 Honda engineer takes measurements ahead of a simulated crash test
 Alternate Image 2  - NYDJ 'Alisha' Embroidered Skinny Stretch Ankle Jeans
--
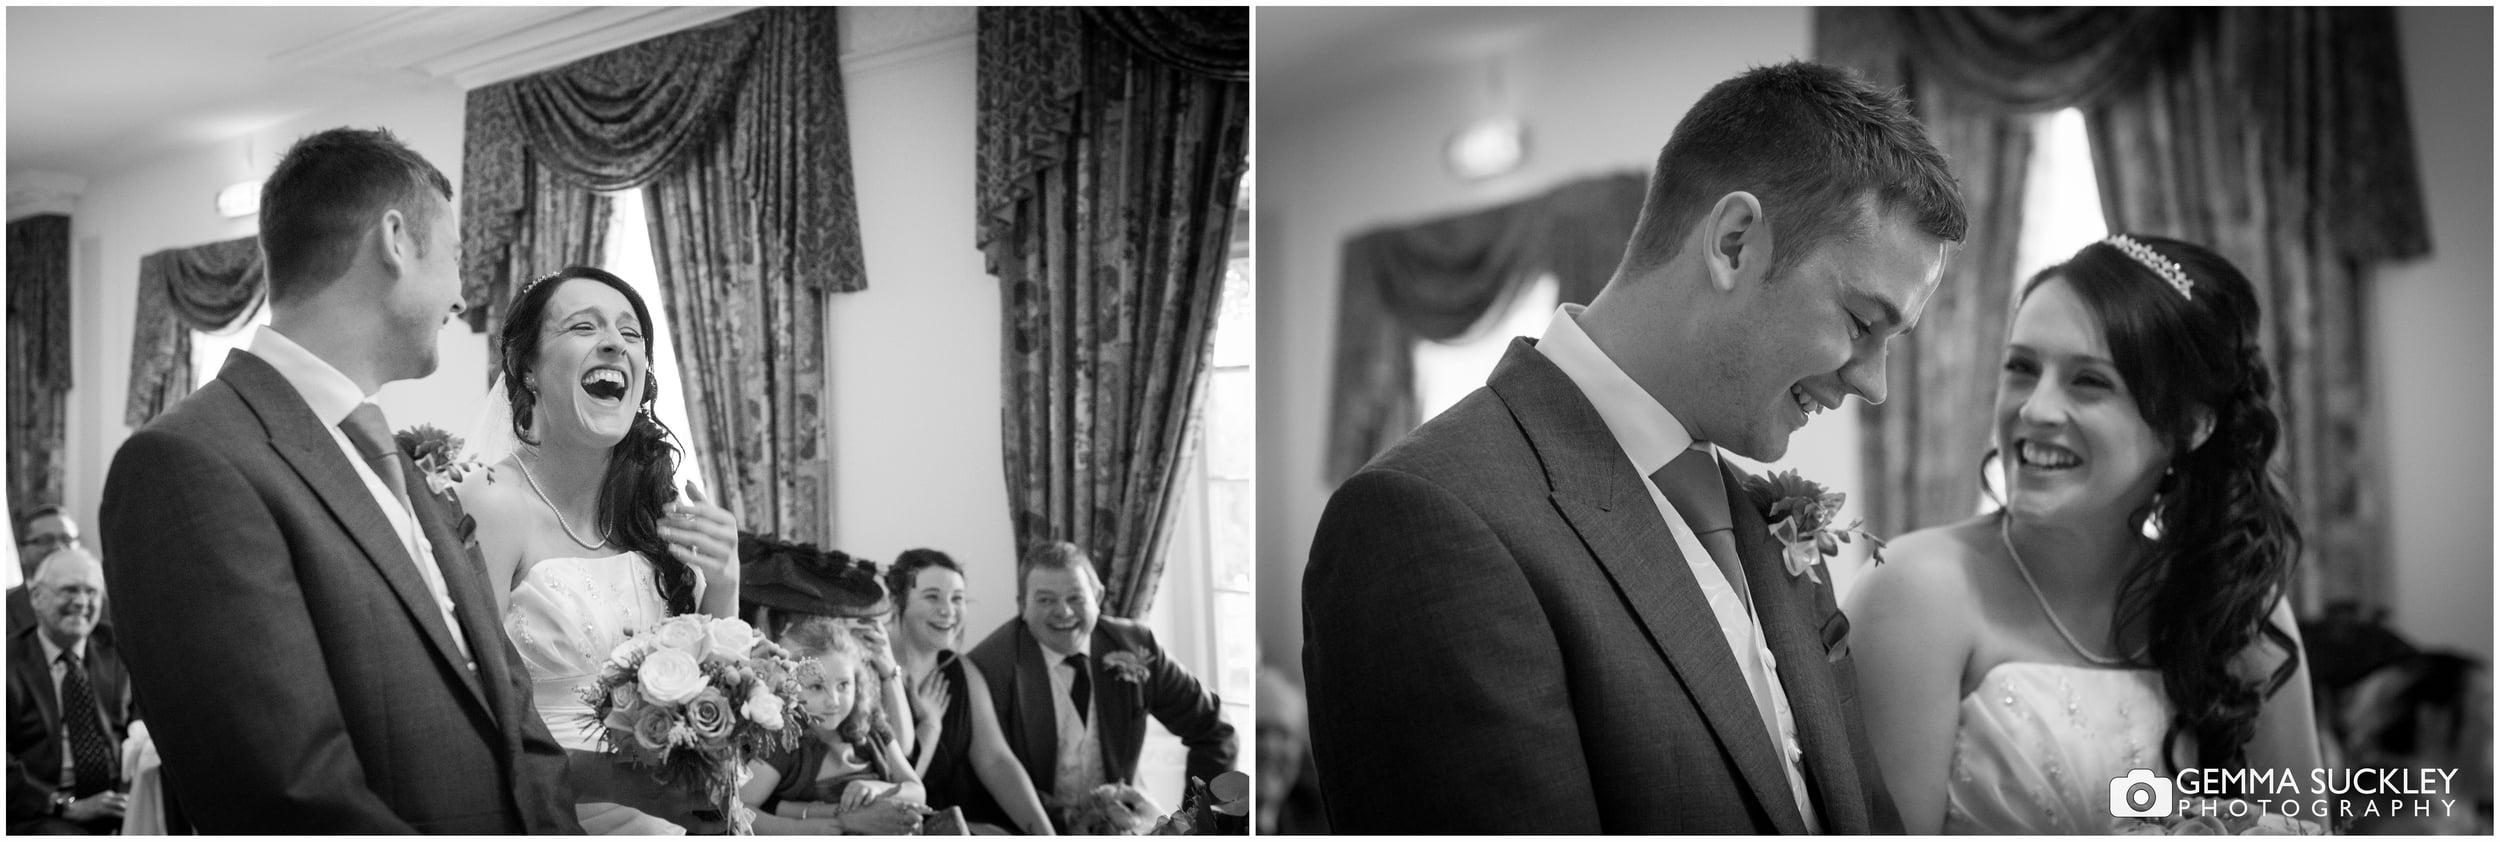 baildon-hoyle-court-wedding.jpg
* * *
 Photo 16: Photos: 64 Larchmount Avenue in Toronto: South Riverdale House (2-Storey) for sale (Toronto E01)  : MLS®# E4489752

Task item —
When the line with "Honda engineer takes" is reached in the data above, begin copying, and stop after the line with "Alternate Image 2"; copy each line exactly, both ends included.

Task output —
 Honda engineer takes measurements ahead of a simulated crash test
 Alternate Image 2  - NYDJ 'Alisha' Embroidered Skinny Stretch Ankle Jeans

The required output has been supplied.